Avoid device casting for all singleton tensors in optimizer states (#91454)

Fixes #75224
Pull Request resolved: https://github.com/pytorch/pytorch/pull/91454
Approved by: https://github.com/janeyx99
diff --git a/test/test_optim.py b/test/test_optim.py
index 3ec534f..843d088 100644
--- a/test/test_optim.py
+++ b/test/test_optim.py
@@ -48,6 +48,7 @@
 )
 from typing import Dict, Any, Tuple
 from torch.optim.optimizer import register_optimizer_step_pre_hook, register_optimizer_step_post_hook
+from torch.utils._pytree import tree_flatten
 
 # load_tests from common_utils is used to automatically filter tests for
 # sharding on sandcastle. This line silences flake warnings
@@ -300,13 +301,12 @@
         # Make sure state dict wasn't modified
         self.assertEqual(state_dict, state_dict_c)
 
-        # Make sure that device of state['step'] is still CPU
+        # Make sure that all singleton tensors in the state_dict are still on CPU.
         new_state_dict = optimizer_cuda.state_dict()
-        if "step" in state_dict["state"][0] and torch.is_tensor(
-            state_dict["state"][0]["step"]
-        ):
-            for state in new_state_dict["state"].values():
-                self.assertEqual(state["step"].device.type, "cpu")
+        flat_new_state_dict, _ = tree_flatten(new_state_dict)

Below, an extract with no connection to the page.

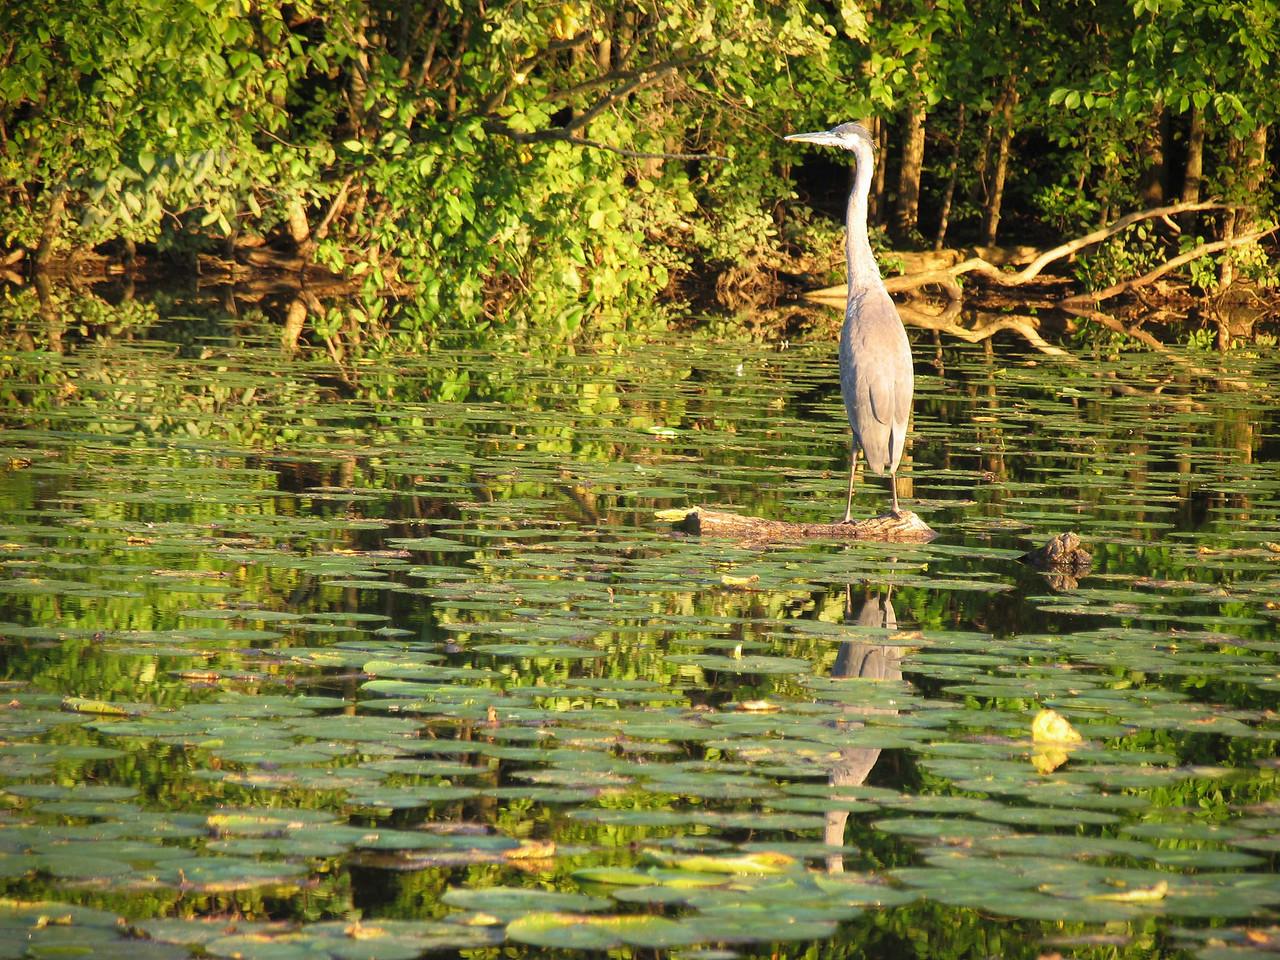 Blue Heron, Lake Nockamixon - August 2004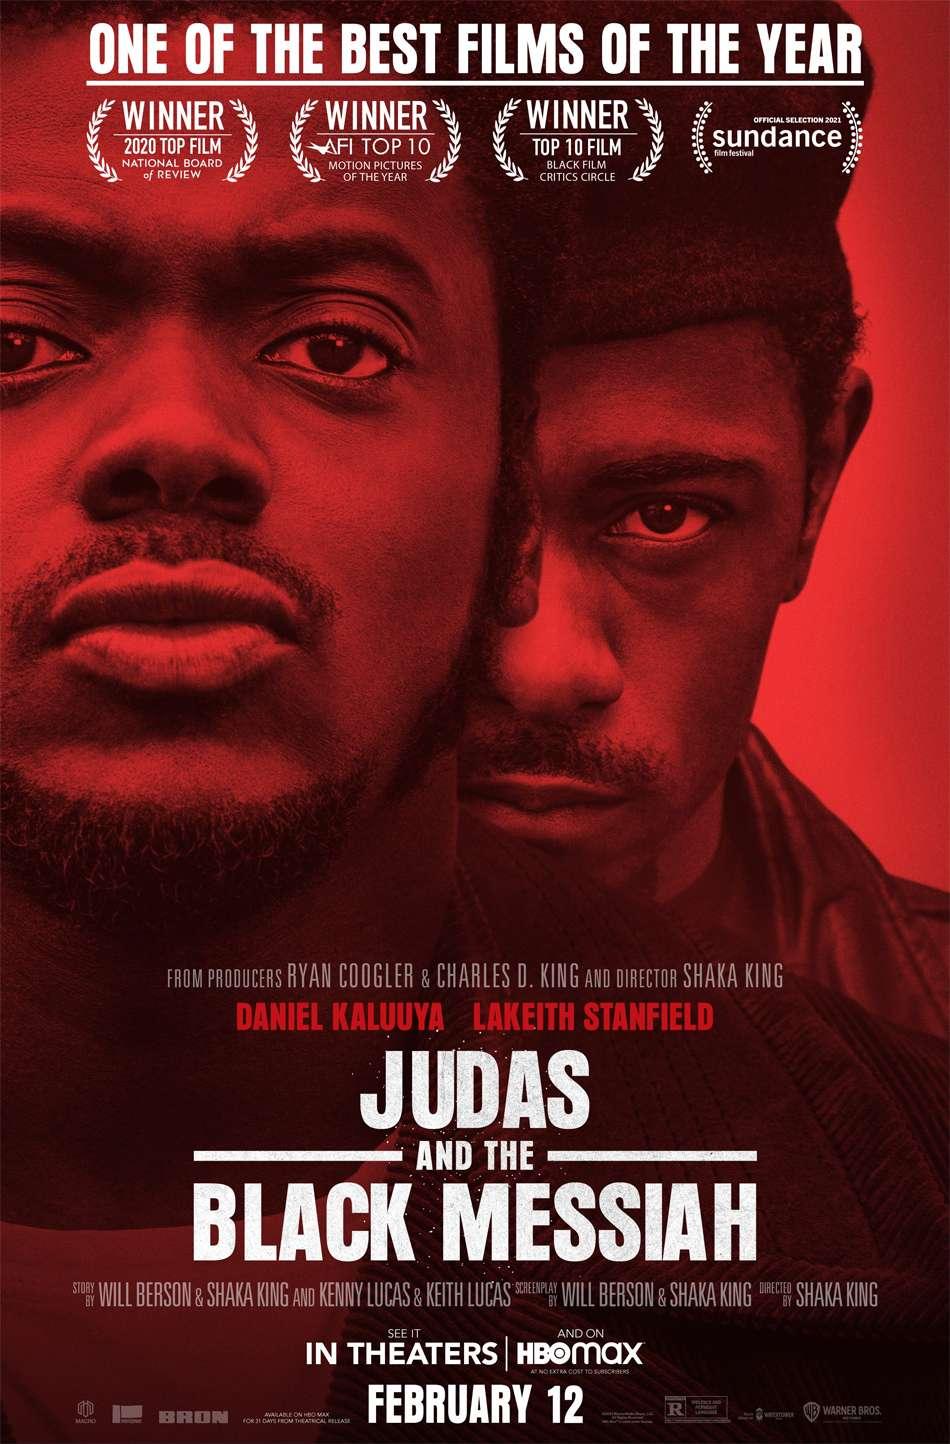 Judas and the Black Messiah Poster Πόστερ

+        for state_item in flat_new_state_dict:
+            if torch.is_tensor(state_item) and state_item.dim() == 0:
+                self.assertEqual(state_item.device.type, "cpu")
 
         for _i in range(20):
             optimizer.step(fn)
diff --git a/torch/optim/optimizer.py b/torch/optim/optimizer.py
index b2935b4..2440d69 100644
--- a/torch/optim/optimizer.py
+++ b/torch/optim/optimizer.py
@@ -339,10 +339,13 @@
             if isinstance(value, torch.Tensor):
                 # Floating-point types are a bit special here. They are the only ones
                 # that are assumed to always match the type of params.
-                # Make sure state['step'] is not casted https://github.com/pytorch/pytorch/issues/74424
-                if (key != "step"):
-                    if param.is_floating_point():
-                        value = value.to(param.dtype)
+                if param.is_floating_point():
+                    value = value.to(param.dtype)
+
+                # Make sure singleton tensors (e.g. state['step']) do not change device.
+                # See https://github.com/pytorch/pytorch/issues/74424
+                is_singleton: bool = value.dim() == 0
+                if not is_singleton:
                     value = value.to(param.device)
                 return value
             elif isinstance(value, dict):